My favourite part of every literature class was the short historical introductory info the professor gave us before teaching each novel/poem. Let me make this clear: you should not separate history from literature. Essentially, every literature class is also a history class. Try to alienate a book from its historical time. The book simply changes. Now, I’m not referring to books like Harry Potter, where there is sufficient fictional world building within the book. The Lord of The Rings is a very different story, as history helps explain the allegorical nature of Tolkien’s trilogy. Even today, historical context is important. Post-apocalyptic and society-collapses scenarios are on the rise (Hunger Games, Divergent etc.) and they definitely reflect the general social and political consensus of our time. So, I assume that five years ago when the hottest trend was vampires, we were going through our neo-gothic phase…

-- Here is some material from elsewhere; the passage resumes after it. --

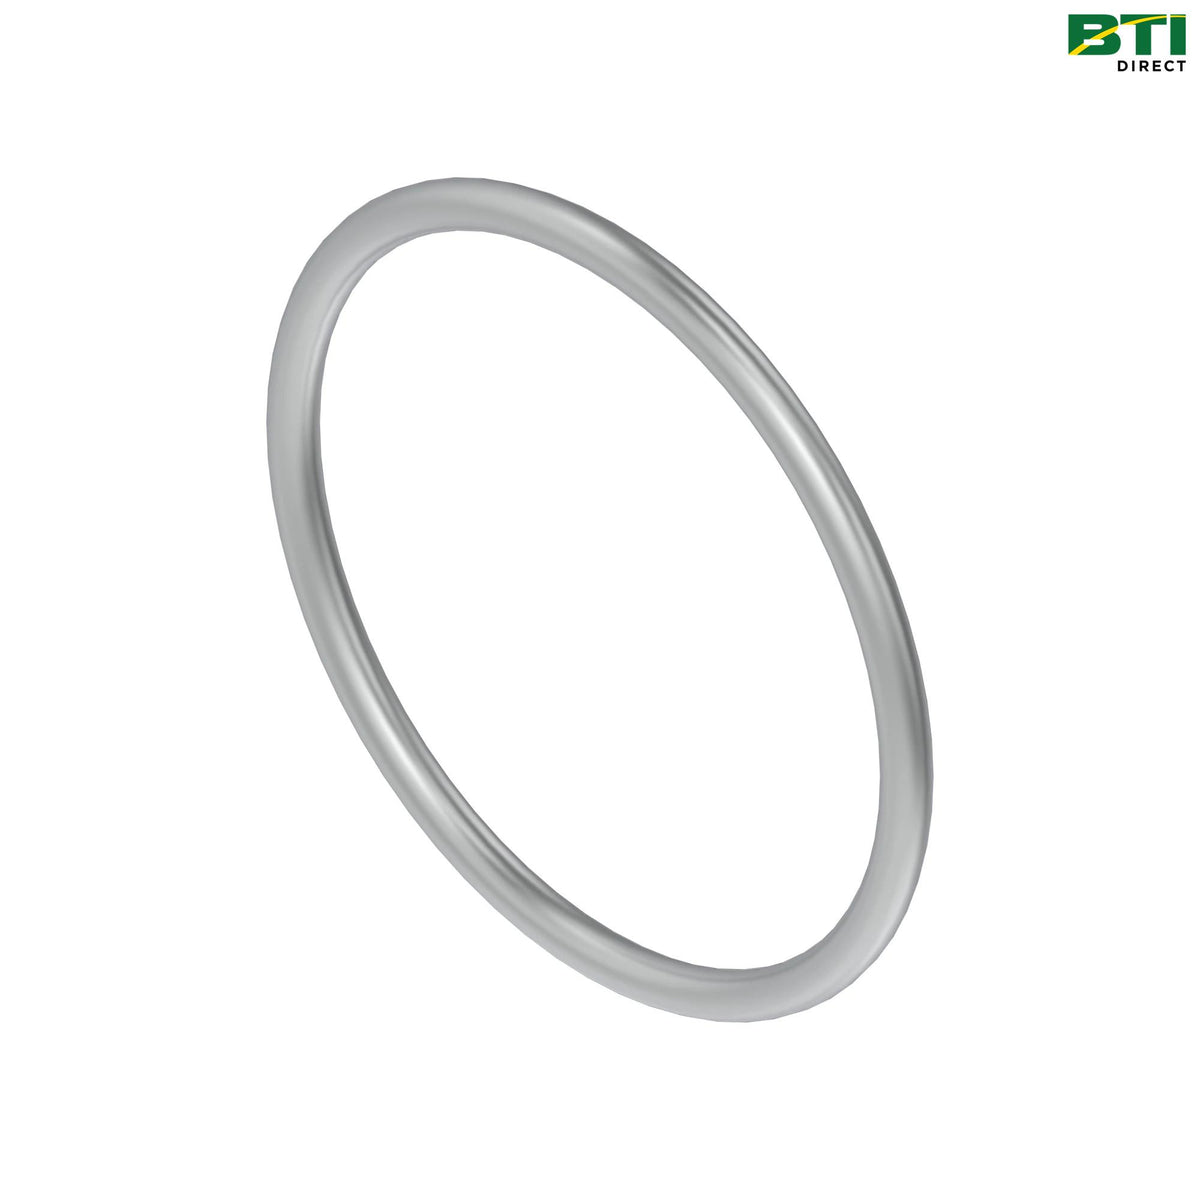 R26282: Round Cross Section O-Ring – BTI Direct

The point of this article (although I’m pretty sure so many of you are thinking “this is pointless, please stop”) is this: technically, you can read a book while ignoring the history behind it, but just because you can doesn’t mean that you should. Next time you get your hands on, say, a novel by D. H. Lawrence, spend five minutes to google him and what was happening in the world when he wrote the book you’re about to read. The worst thing that can happen is that you learn something new, for instance, did you know that D.H. Lawrence was obsessed with simultaneous orgasms? Yup, you probably didn’t need to know that, but you kind of need to be aware of the political and social conditions of the three first decades of the 1900s, so that you can appreciate Lady Chatterley’s Lover for its political message rather than its borderline pornographic content.